PROBLEM STATEMENT
The copy you return must match the listing word for word and carry no pictures.

SOURCE MATERIAL
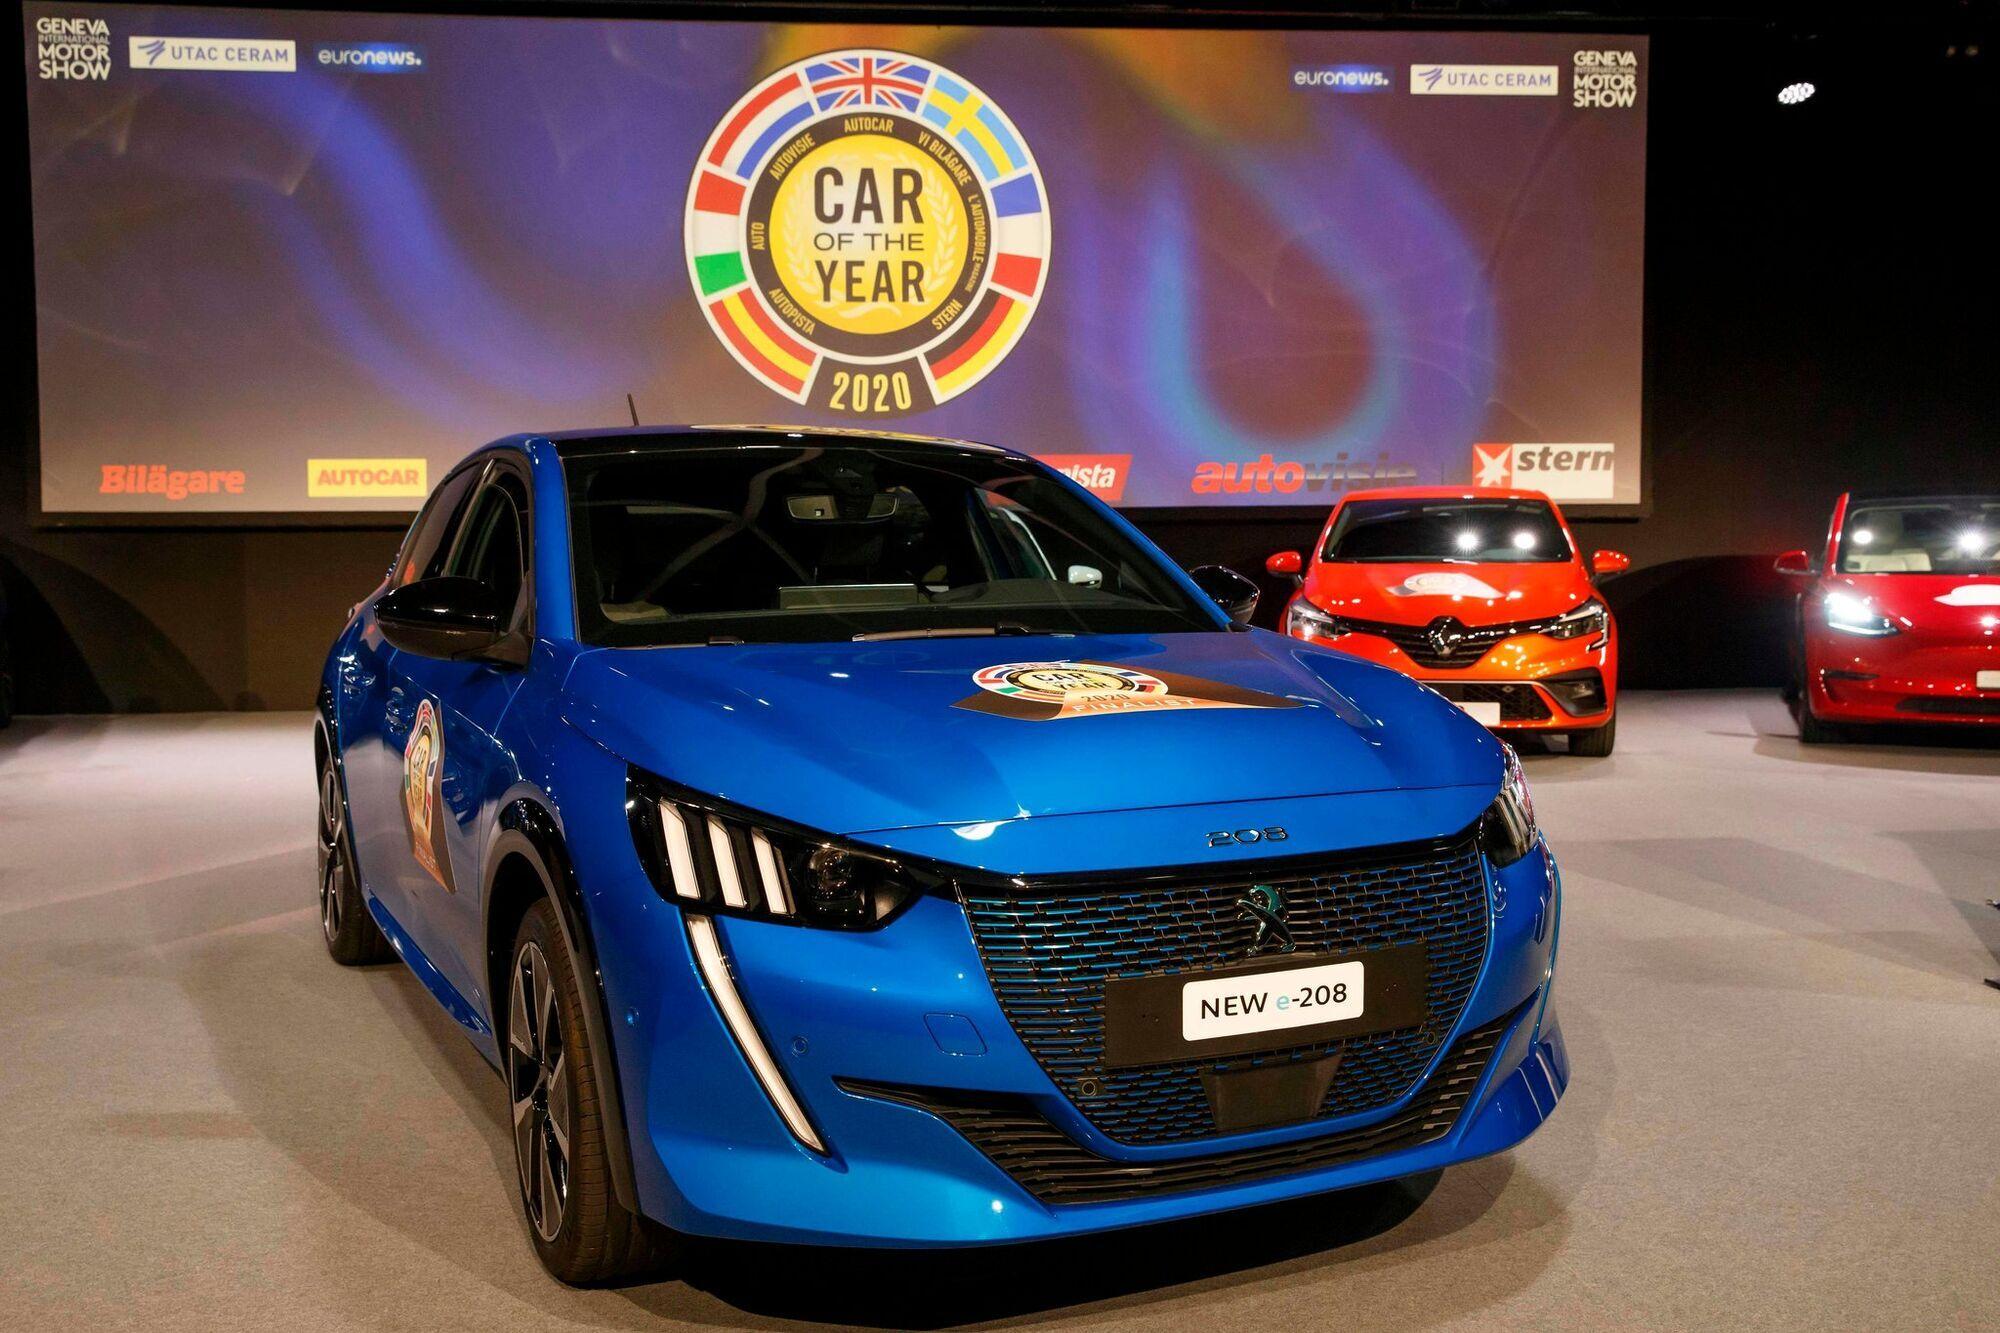 В прошлом году награды конкурса был удостоен компактный французский хэтчбек Peugeot 208
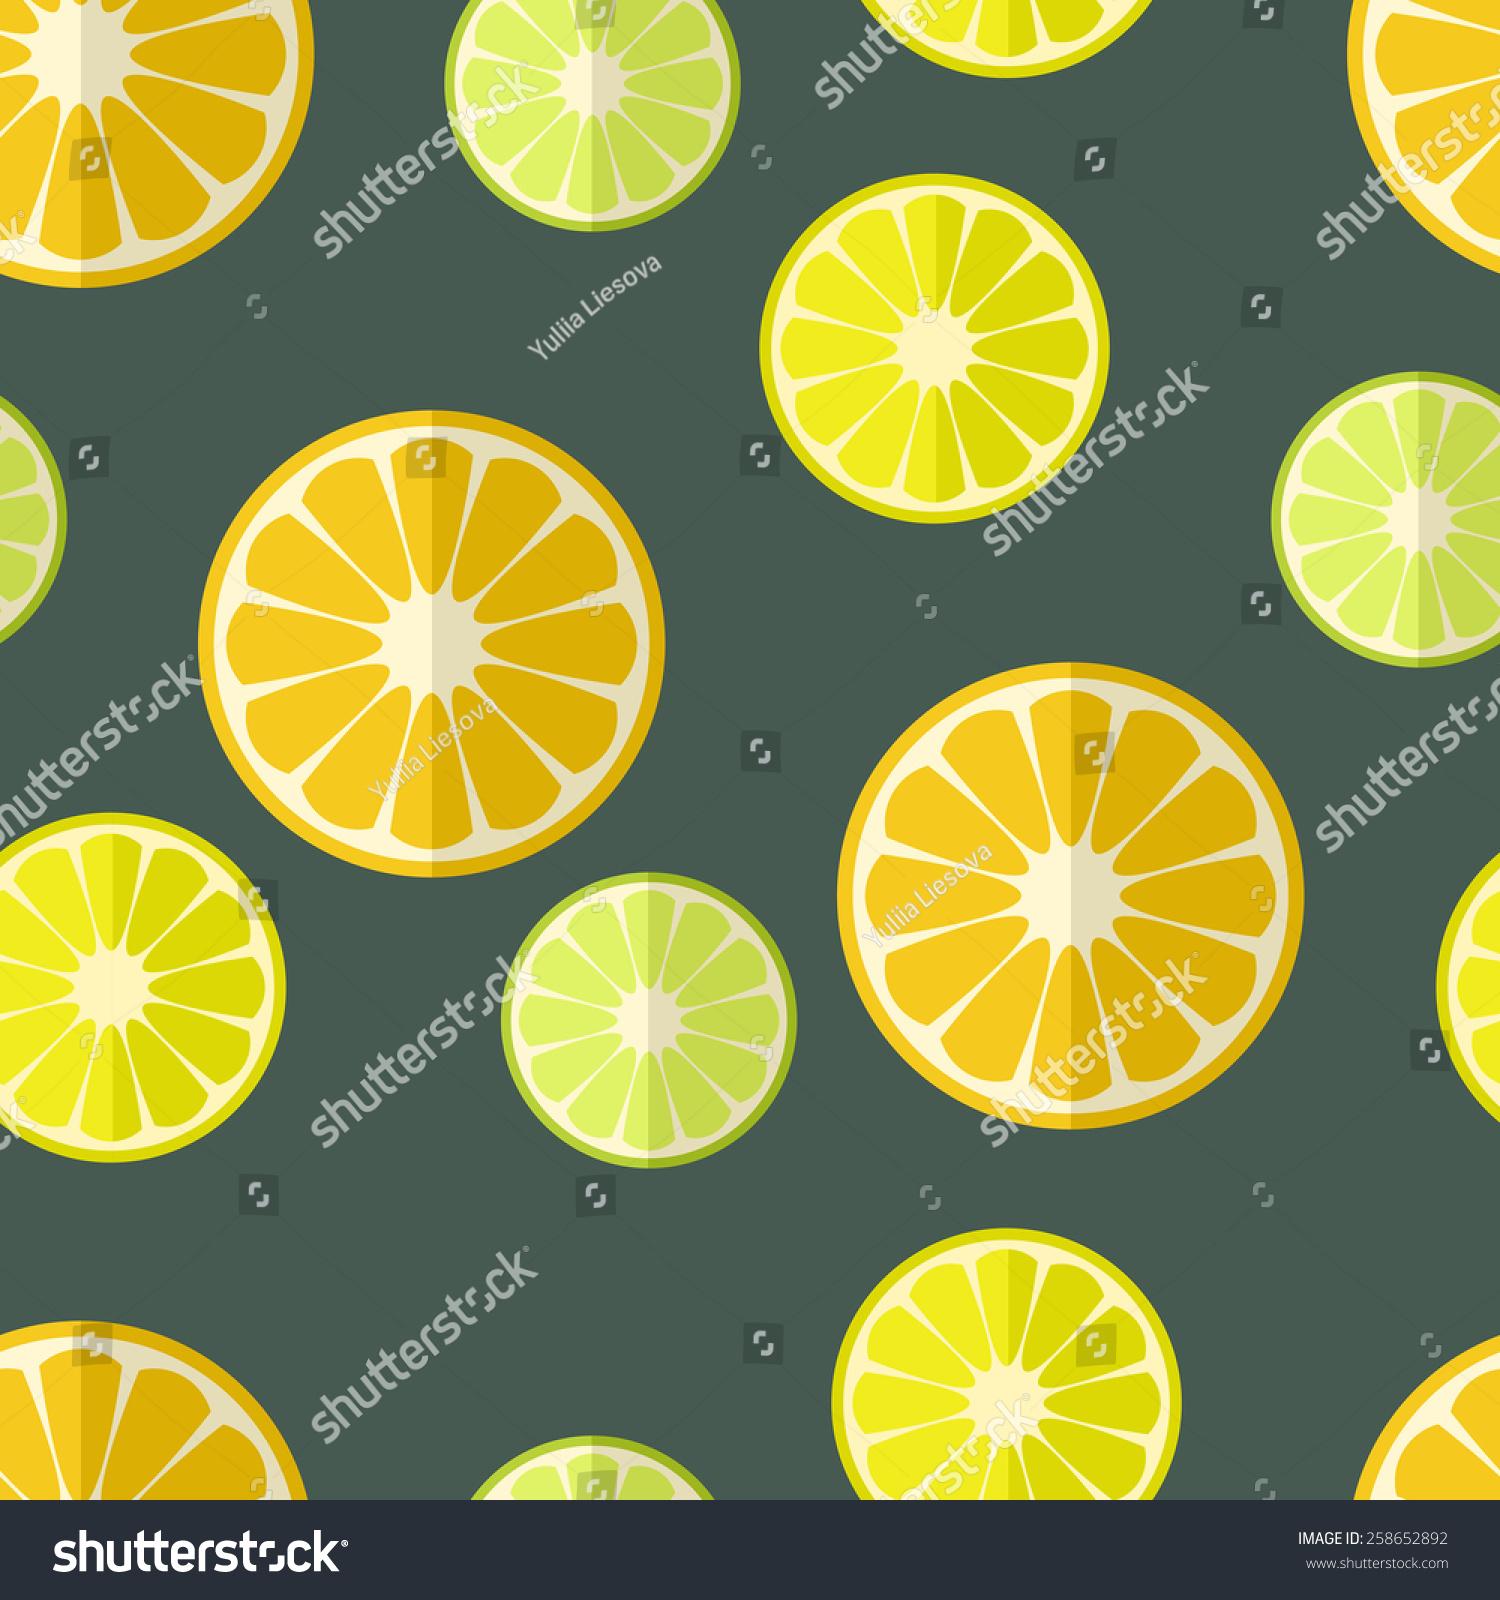 柑橘类水果在平面设计上的无缝结合-背景/素材,食品及图片
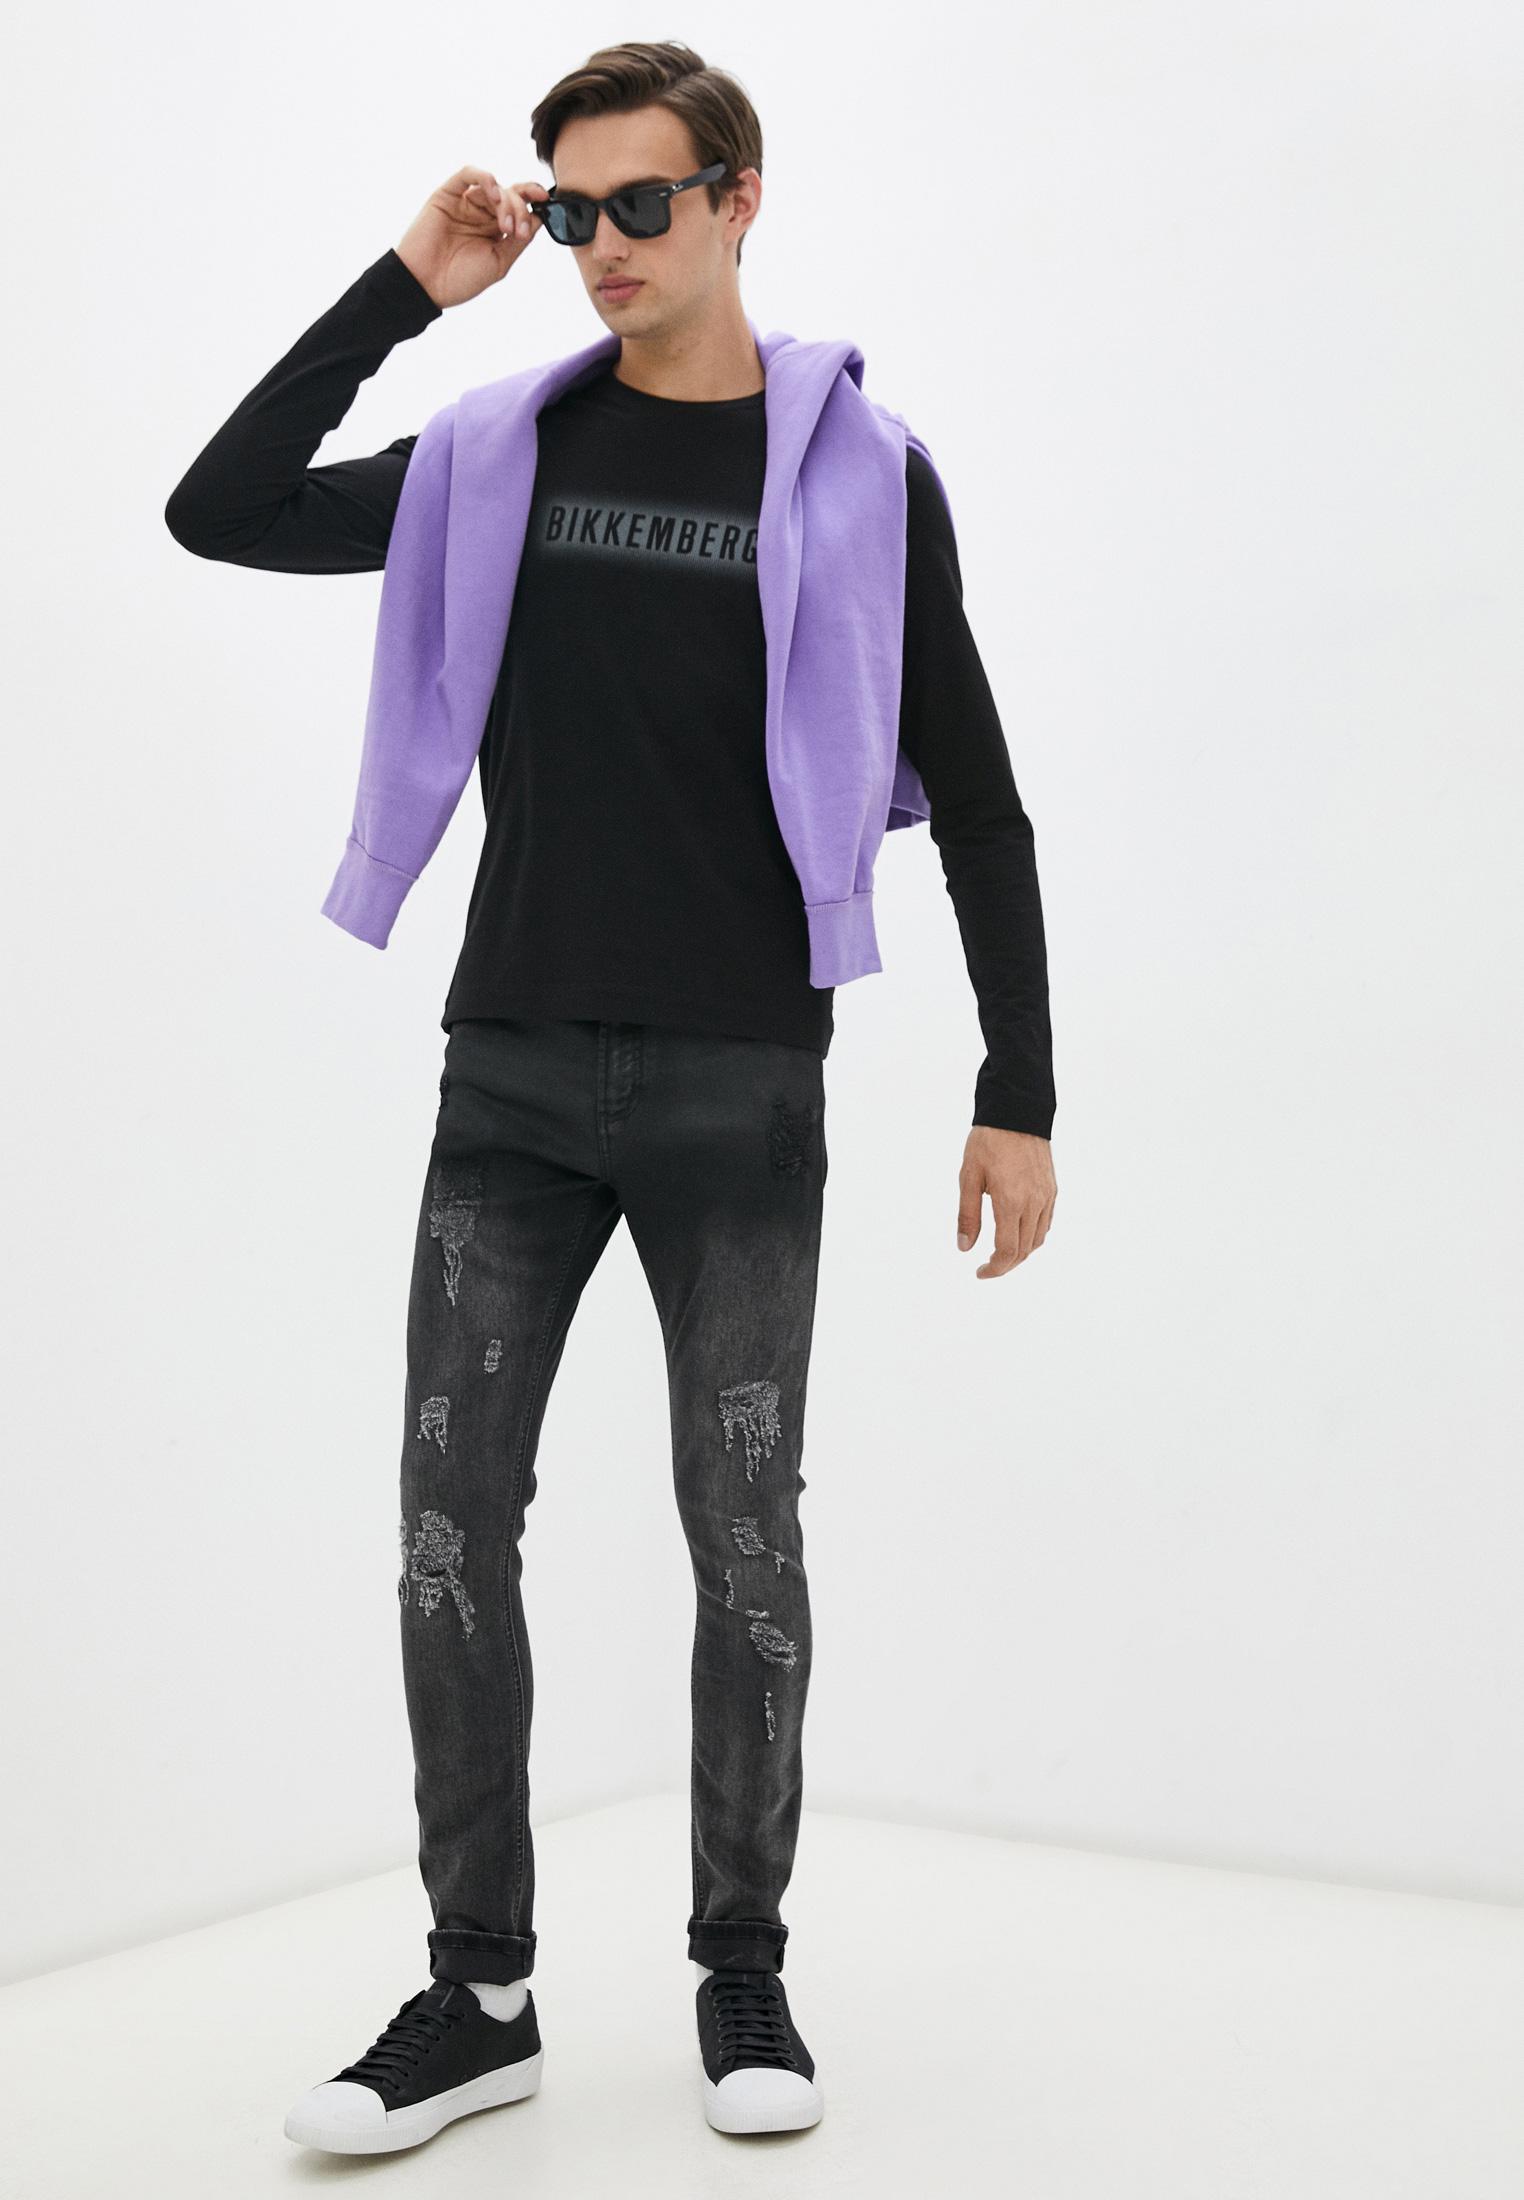 Мужские зауженные джинсы Bikkembergs (Биккембергс) C Q 001 85 S 2927: изображение 3

FINISHED EXERCISE
 В прошлом году награды конкурса был удостоен компактный французский хэтчбек Peugeot 208
 柑橘类水果在平面设计上的无缝结合-背景/素材,食品及图片
 Мужские зауженные джинсы Bikkembergs (Биккембергс) C Q 001 85 S 2927: изображение 3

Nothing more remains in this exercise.